Jeremy Retired in NC
Professor Expert
3  Jeremy Retired in NC    4 years ago

Lets see. 

  • Trump has been in office for just under 4 years and will run on his accomplishments.
  • Biden has been in office for 40 years and will run on his PLANS.  Like this "climate change plan".

Nobody see the difference?

 
 
 
JBB
Professor Principal
3.1  seeder  JBB  replied to  Jeremy Retired in NC @3    4 years ago

I see a viable plan from Biden butt zip from Trump...

 
 
 
Gazoo
Junior Silent
3.1.1  Gazoo  replied to  JBB @3.1    4 years ago

“I see a viable plan from Biden”

Did you read this part of the article?

“he proposes transitioning the country to emissions-free electricity sources by 2035.”

that means ALL electricity will come from solar, wind, and nuclear. Maybe a bit by wave motion for coastal communities. In 15 years? This is a fools dream. No way this will happen. 

 
 
 
Ronin2
Professor Quiet
3.1.2  Ronin2  replied to  Gazoo @3.1.1    4 years ago

Biden will make China rich though in the process; and run the US into an economic cliff.

The US doesn't have the technology or the capacity to build wind and solar panels ourselves. Guess who Biden will be sucking off to get that deal done?

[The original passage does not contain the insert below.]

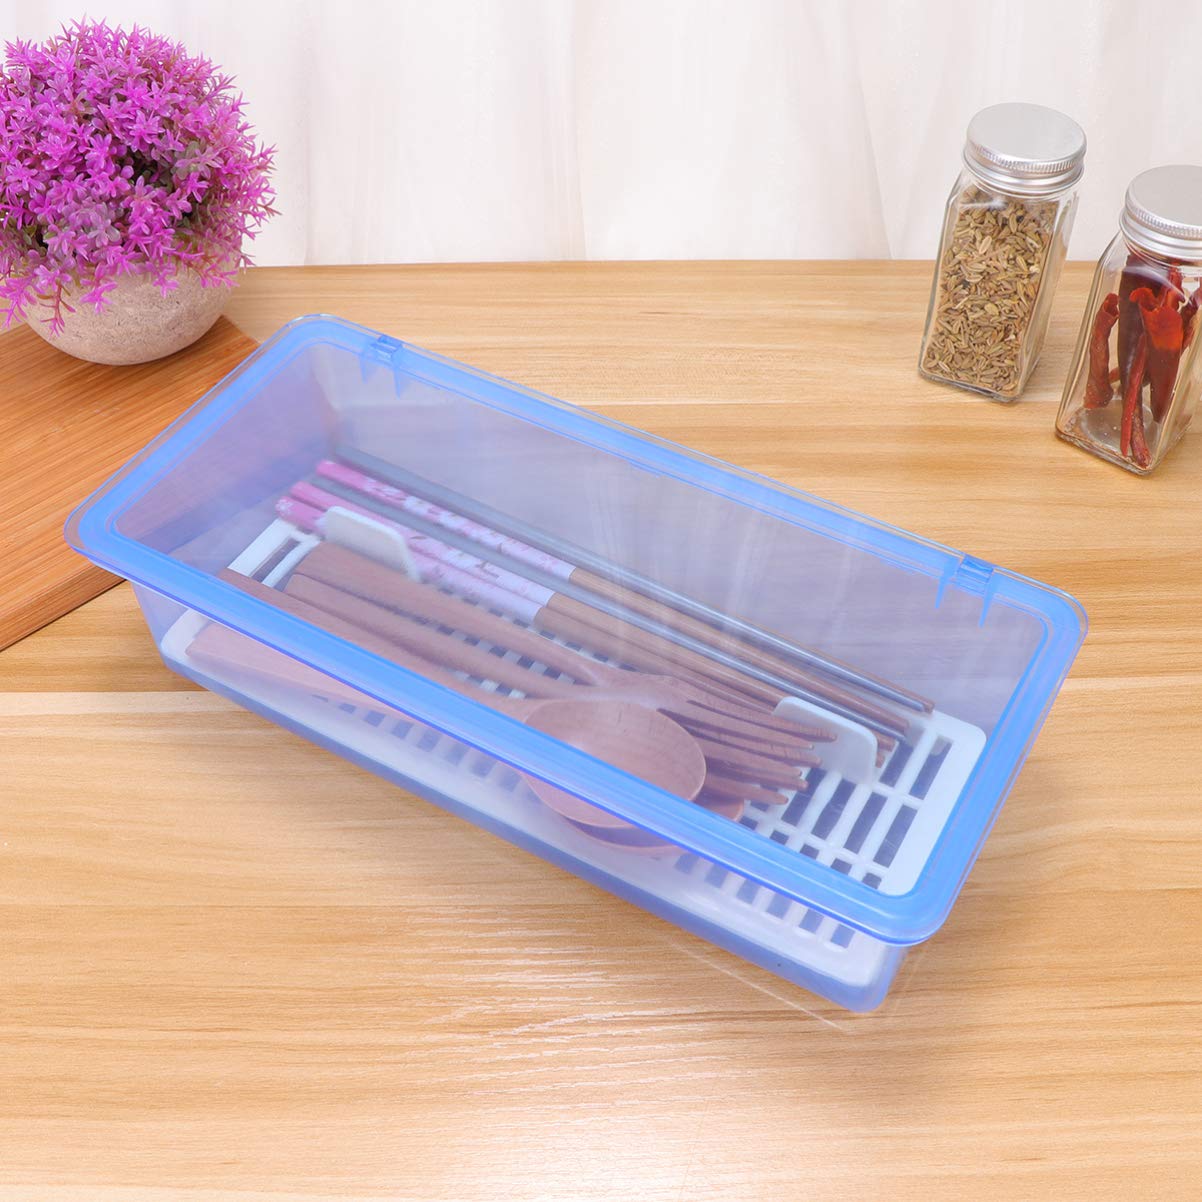 Gatuida Flatware Tray Kitchen Drawer Organizer With Lid And Drainer, Plastic Kitchen Cutlery Tray and Utensil Storage Container with Cover,- proof Dinnerware Holder
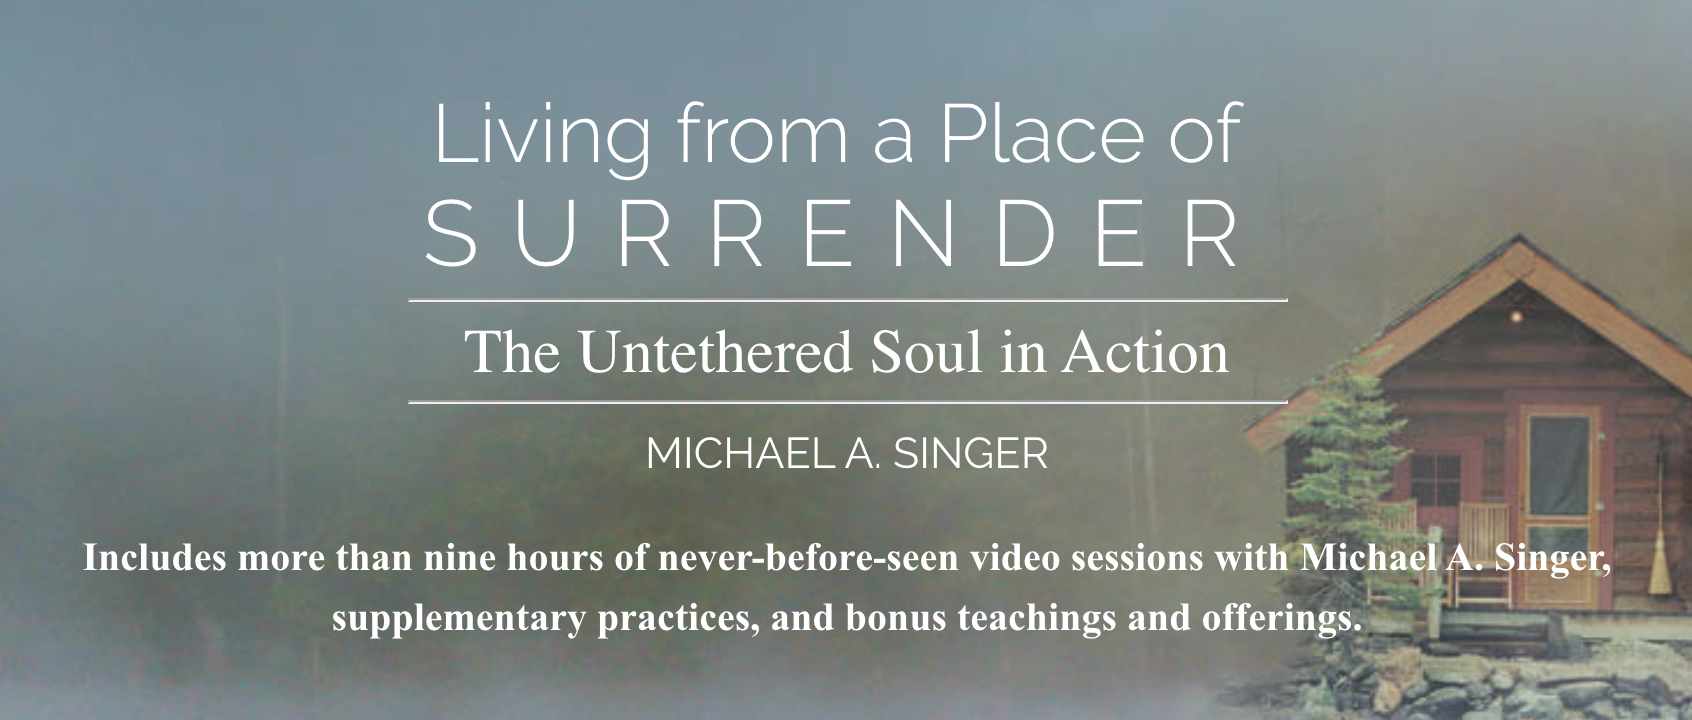 Untethered Soul in Action Course

We all know Joe doesn't think China is a threat.

 
 
 
Jeremy Retired in NC
Professor Expert
3.1.3  Jeremy Retired in NC  replied to  JBB @3.1    4 years ago

So you DON'T see the difference.

 
 
 
Tessylo
Professor Principal
4  Tessylo    4 years ago

"tRump has been in office for just under 4 years and will run on his accomplishments."

What accomplishments?

 
 
 
JBB
Professor Principal
4.1  seeder  JBB  replied to  Tessylo @4    4 years ago

Good Question! Americans are feeling adrift today!

 
 
 
Paula Bartholomew
Professor Participates
5  Paula Bartholomew    4 years ago

Trump is only a denier when he can't make a buck out of it.  He cried global warming as justification for Scotland picking up the tab to build a seawall for his golf course there.